Wells’ script does an excellent job conveying the sadness and guilt at Peter’s core, while also showing how he’s matured and pushes himself to continue with the burden. This title has been a scattershot of ideas and plots, in part due to the multiple tie-ins and crossovers it’s connected to, or setting up for the near future. This tie-in uses the strong narrative backbone Gillen established in the main Judgment Day title to focus on Peter, and his street-level view of what’s going on during a possible world-ending event, and Wells runs with the p.o.v. The issue feels like a mostly organic realization of who Peter would spend his last day on Earth with, and what he’d say to them.

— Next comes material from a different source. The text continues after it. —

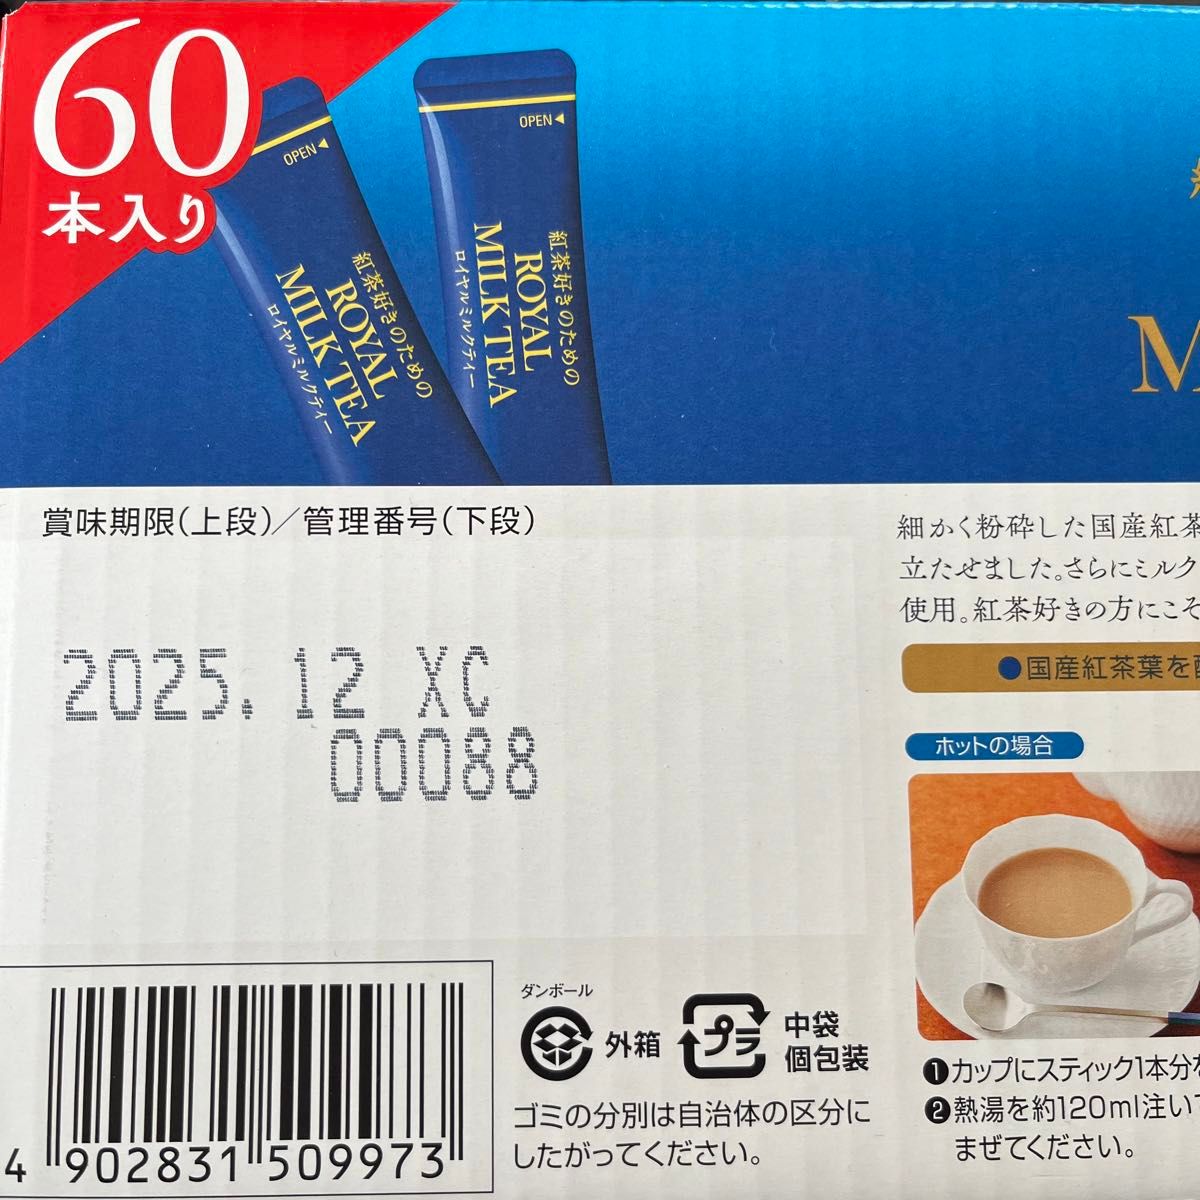 日東紅茶 ロイヤルミルクティー 60本入り

It’s a weird choice that Peter doesn’t go to MJ, even after the fallout of the last issue’s Hellfire Gala tie-in. That might be another ripple effect of a publishing schedule shift, but having back-to-back tie-ins before another crossover makes it difficult to enjoy the flow of the story. Outside of this omission, the rest of the visits that Peter makes in the issue are great, specifically the ones with Miles and Jameson.
When Peter meets up with and talks with Miles, it’s a fun sequence but is bittersweet as it serves as a reminder that the two only get to share these resonant moments during world-ending events or multiverse-spanning crossovers. Afterward, Peter goes to see Johan, and it’s refreshing that the characterization for the Bugle editor has stuck since Chip Zdarsky’s time on Spectacular Spider-Man. Johan also apologizes to Robbie for large chunks of his Spider-Man continuity, working as a fun bit of exposition to remind him just how extensive Johan’s history is.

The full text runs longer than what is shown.